U.S. Treasury Secretary Henry Paulson’s sweeping proposals to reform financial regulation would establish more control at the federal level.

Treasury Secretary’s Henry Paulson sweeping proposals to overhaul financial regulation announced today in Washington, D.C., would establish more control at the federal level, consolidate some existing agencies, and establish new authorities with greater regulatory teeth over insurance and mortgage origination companies.


Wall Street’s main lobby group, the Securities Industry and Financial Markets Association, embraced Paulson’s proposals. “Our present regulatory framework was born of Depression-era events and is not well suited for today’s environment where billions of dollars race across the globe with the click of a mouse,” said Tim Ryan, chief executive of the association. “That fact, teamed with the current market conditions, result in an universal agreement that it is time to modernize and revitalize the current system.”

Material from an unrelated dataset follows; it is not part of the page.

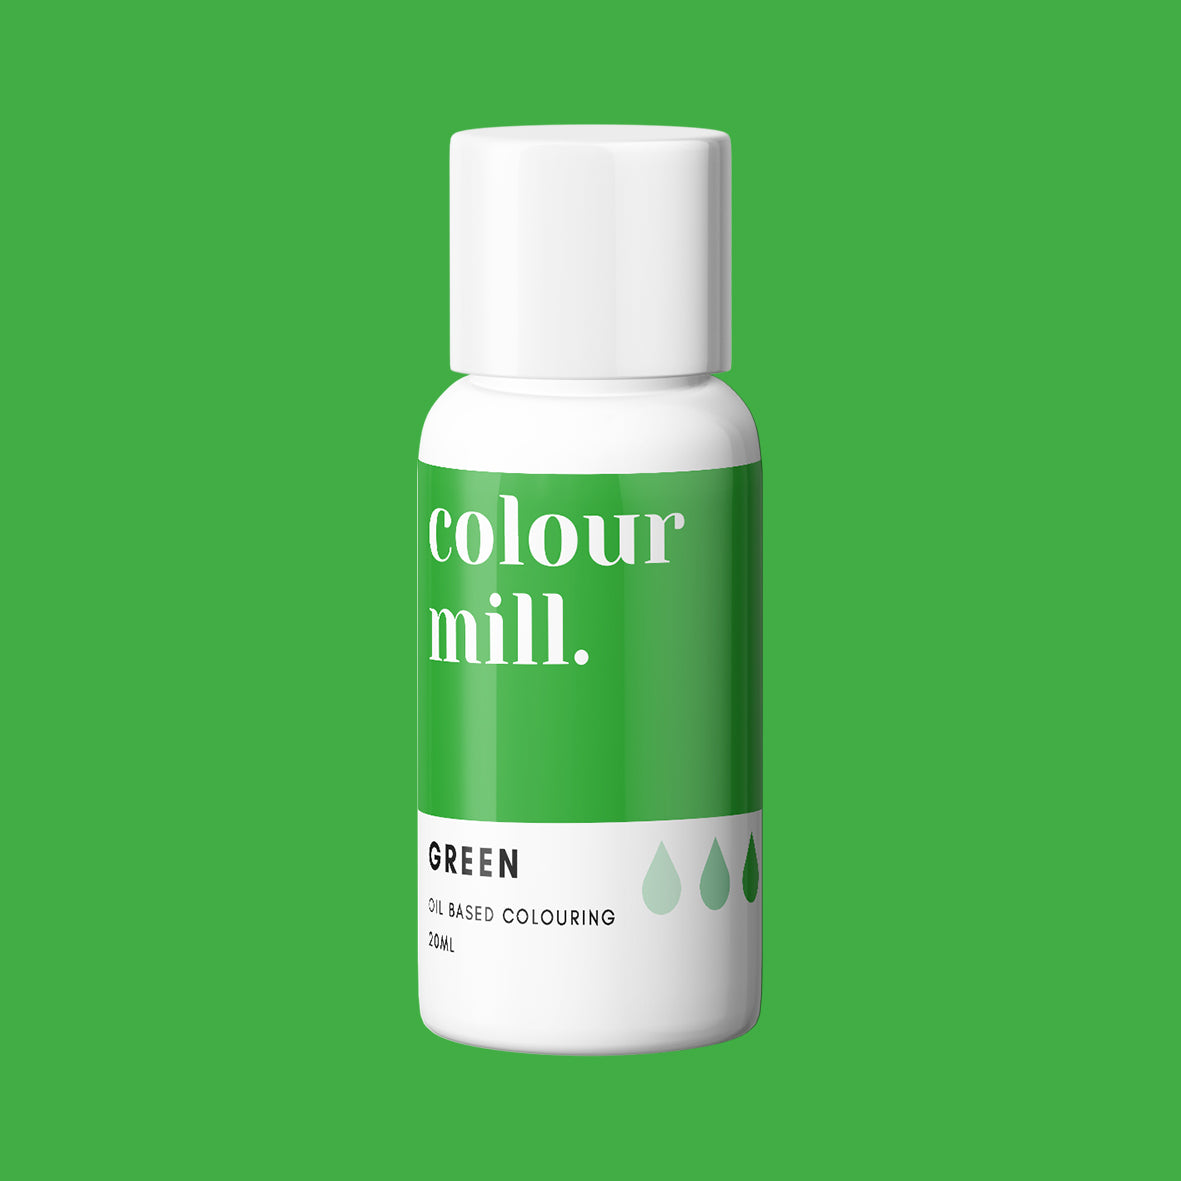 GREEN oil based concentrated icing colouring 20ml

Paulson proposes combining federal bank and thrift regulators, creating a federal insurance regulator and merging the Securities and Exchange Commission with the Commodities Futures Trade Commission. He also recommends the creation of a Mortgage Origination Commission to oversee the licensing of mortgage lenders.

Key elements of Paulson’s plan:

•    Merge the SEC with the CFTC.

Rationale: As financial intermediaries and trading platforms converge and financial products blend insurance, banking, securities and futures into derivatives, this makes sense.

•    Establish a new federal regulator to oversee insurance companies.

Rationale: Close regulatory gaps and interagency disputes and allow insurance companies to seek federal rather than state chartering to be oversee by the new authority.

•    Establish a federal regulatory commission to enforce new licensing standards for state mortgage companies and oversee the way states regulate mortgage origination and sales.

Rationale: The new commission would lay down licensing standards for state mortgage companies and oversee the way states regulate mortgage origination and sales. Separate proposals to deal with home foreclosures and the current housing market turndown are expected from the Bush administration.